In the future, agentic AI in customer care will be more autonomous, coordinate multiple systems and personalize for each customer. He still supervises, takes responsibility and handles delicate matters. Not "AI replacing people" but "AI + people" at a higher level. Zenify recorded 98.4% AI accuracy, reducing costs by 34%.
TL;DR
- Agentic AI is more autonomous, working across systems.
- Personalize each guest according to data.
- AI proactively takes care of things, not just waiting to be asked.
- The person still supervises and is responsible.
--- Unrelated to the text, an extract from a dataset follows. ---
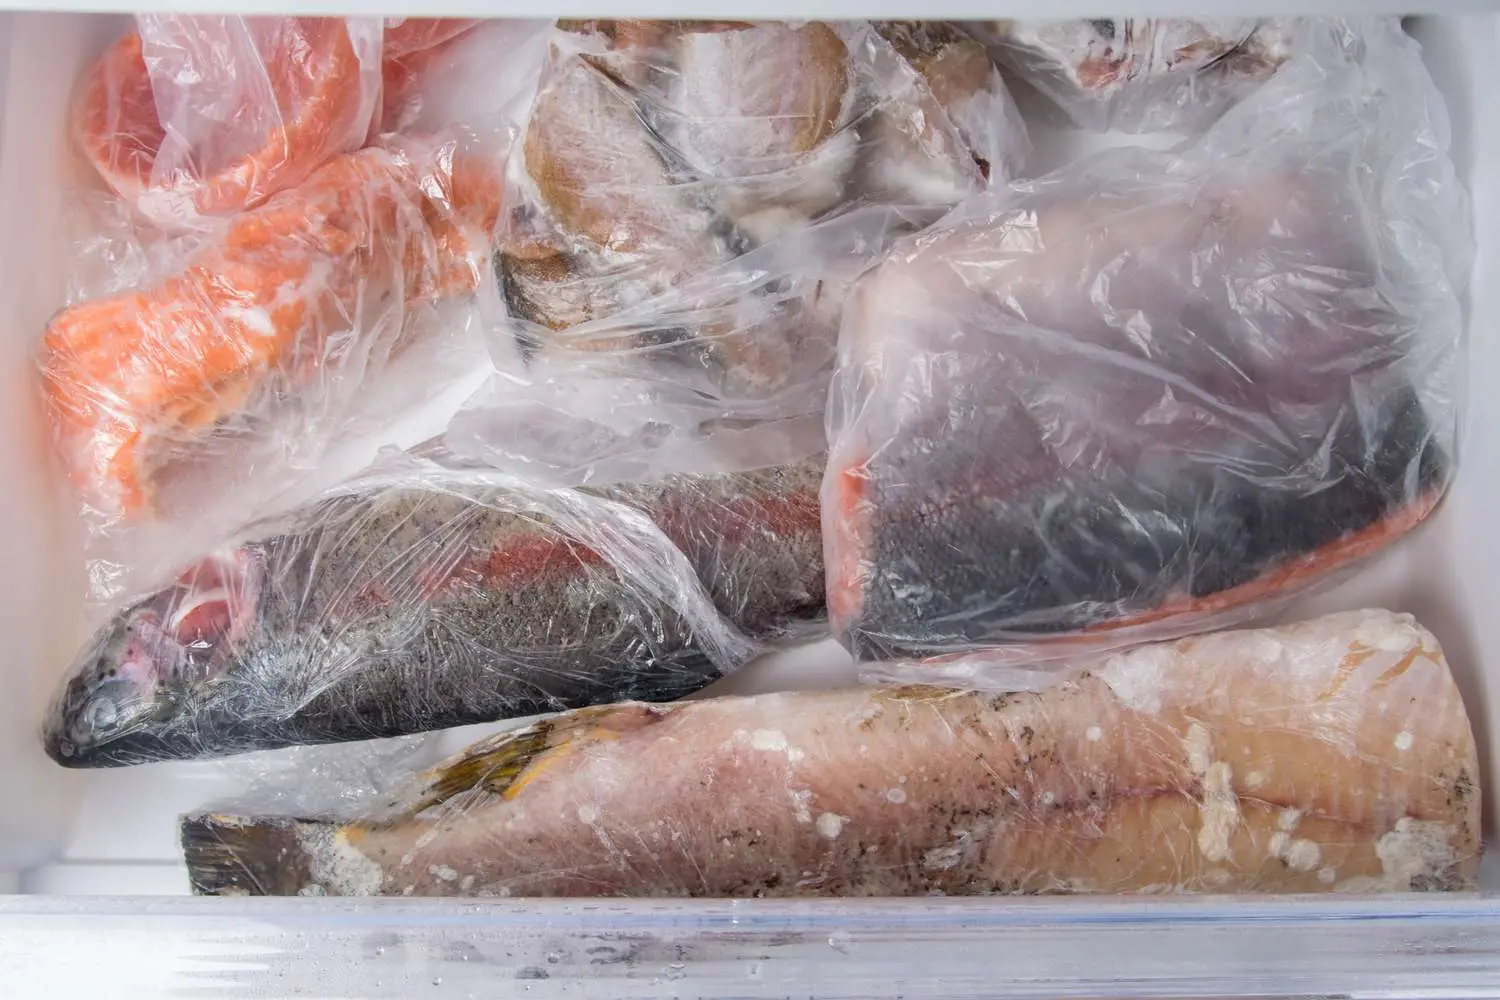 how long does smoked fish last vacuum sealed - Can you vacuum seal smoked fish

- Trend: capacity increases, costs decrease.
Trend 1: AI is more autonomous
Phase | AI can do it
Today | Answer, look up, update according to rules
Upcoming | Plan and self-manage a series of tasks
Further | Proactively detect and propose actions
AI goes from "answering when asked" to "taking on a job and doing it yourself", within the boundaries you set (see Agentic AI).
Trend 2: Coordinate multiple systems
AI not only talks, it also connects with CRM, orders, warehouse, calendar, payment:
System | What does AI do
CRM | Update profile, history
Orders | Look up, monitor, process
Warehouse | Check inventory, reserve
Calendar | Closing appointments, reminding schedules (see AI closing appointments)
Payment | Confirmation, support (according to authority)
Trend 3: Deep personalization
AI remembers each guest: history, preferences, way of speaking.
Suggest the right product, at the right time (see AI Sales Agent).
But: personalization must go hand in hand with security (see Data privacy).
Trend 4: AI is proactive, not just reactive
Today | Future
Waiting for customers to ask | Proactive care
New customer discovered the problem | AI forewarning
Caring for cold customers manually | AI sends on time (see AI take care again)
How have human roles changed?
Supervise instead of doing: AI manager, not pushing each button.
Risk approval: refund, contract still needs people (see Human-in-the-loop).
Delicate work: empathy, difficult complaints, VIP guests, for people.
AI orientation: people teach AI through error correction and updating knowledge base.
3 things to prepare today
Data standardization: Strong AI thanks to clean data, organized knowledge base, CRM.
Define boundaries: Which tasks AI decides on its own, which tasks require people, the clearer it is, the safer it is.
Measure and learn: track AI index, continuously updated (see 8 AI index).